Steve Mouzon, my colleague over at Original Green wrote a great blog that can be found at the link in his introduction:
The basic rules of thumb of street tree design are really simple; it’s amazing how often cities and developers don’t get them right. Thoughts?
I responded with this:
Great blog Steve. A couple of thoughts from an engineer:
You recommended planting street trees at the lot line. We engineers VERY often put water or sewer services at the lot lines because we can double up on the pipe (two meters on one service line) and/or the trench. In fact, doubled sewer and water services are often placed at alternate lot lines. So that should be checked before planting trees there.
Root volume is important. There is a natural volume ratio of root to canopy. Life does find a way, but designers should try to help provide a root volume pathway that will help a tree thrive to a longer and larger maturity. Today’s large machinery and geotechnical specifications result in soil compaction far greater than a few decades ago, so some of those large old legacy trees that you see in streets had a head start over today’s plantings. It doesn’t mean, though, that the surface planter area needs to be the size of the mature canopy – just try to provide a path for roots that is at 85% compaction instead of 95%.
We often peer only at the surface, but a key to tree vitality requires us to extend that surface view to a thick mat – then you will see the entire picture.
A rule of thumb is that tree roots will not penetrate soils compacted to greater than 85%.

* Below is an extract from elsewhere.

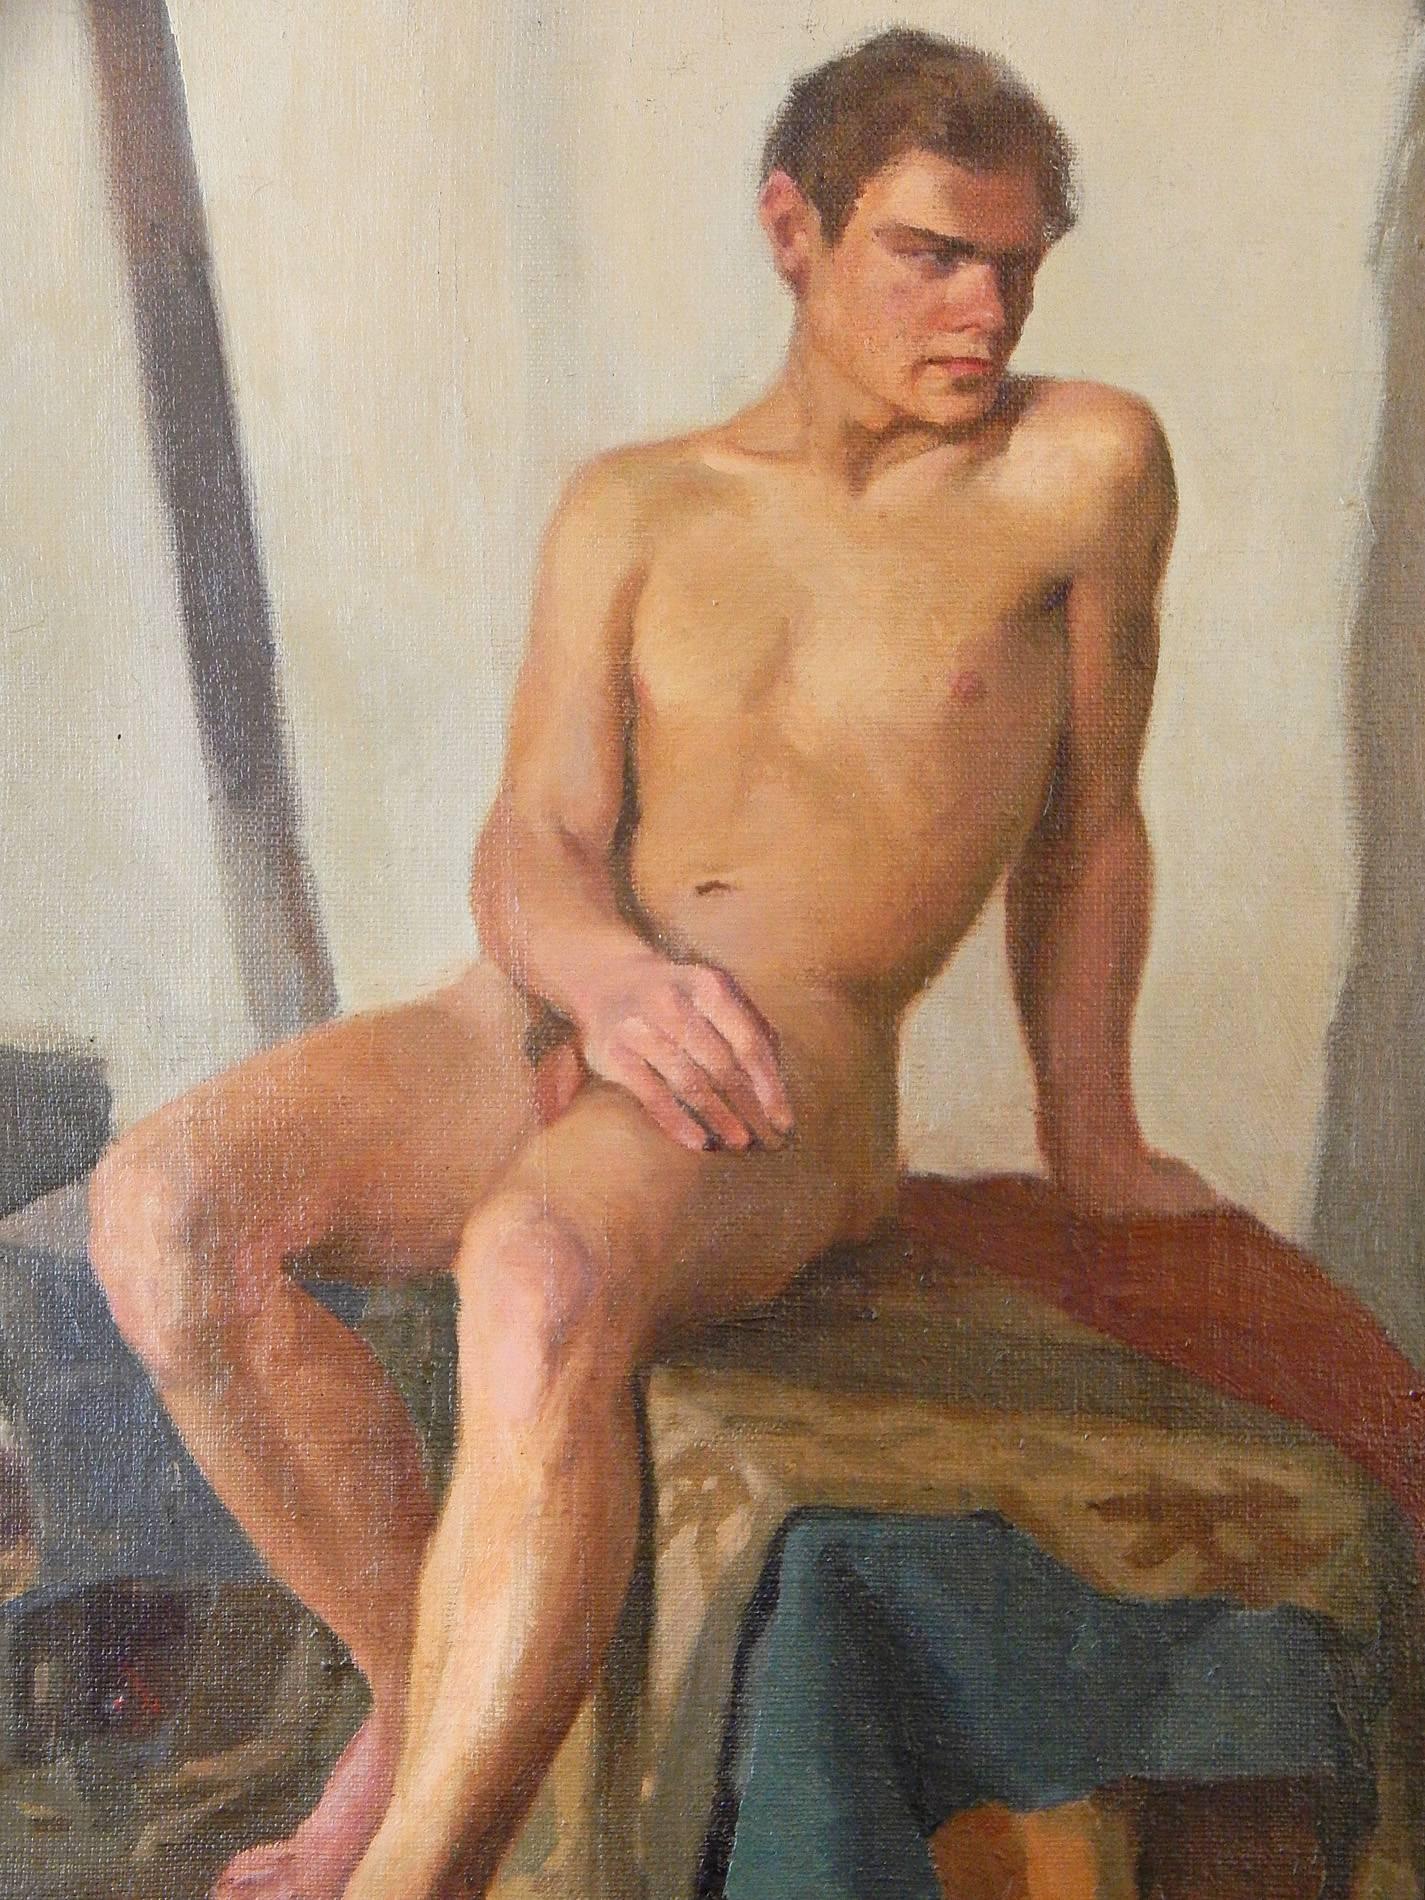 This superb capturing of a young male figure, probably a worker from the fields, was painted by Pyotr Petrovich Konchalovsky, an important artist in the Russian Realist tradition, a founder of the Jack of Diamonds group of avant-garde artists and a

Most concrete sidewalk specs call for 95% compaction – in order to cover worst case scenarios for the pavement stability. However, research and experience show that most sidewalk failures occur due to differential settlement; and that uniform compaction is more important in preventing differential settlement than compaction percentage is, and also that a few inches of granular material between the soil and the concrete helps alleviate differential settlement. A basic protocol as shown in the sketch and described below:
1. Try to not over-compact existing soils. Use smaller equipment in those areas when possible.
2. In building up soils to accept tree roots compact to 85%, and do it in layers of 8-12 inches at a time of friable soil (optimum moisture content) to ensure uniform compaction.
3. Use a few inches of pea-sized fractured rock under sidewalks.
4. Concrete sidewalk thickness should be at least 4 inches, and consist of high quality concrete that is properly cured.
5. Use fiber-reinforced concrete to increase the tensile strength to help the sidewalk bridge over anomalies in the base. Very little extra material cost, no extra installation cost. Try to avoid adding metal rebar or mesh to concrete because over time the metal gets moist, corrodes and weakens the concrete.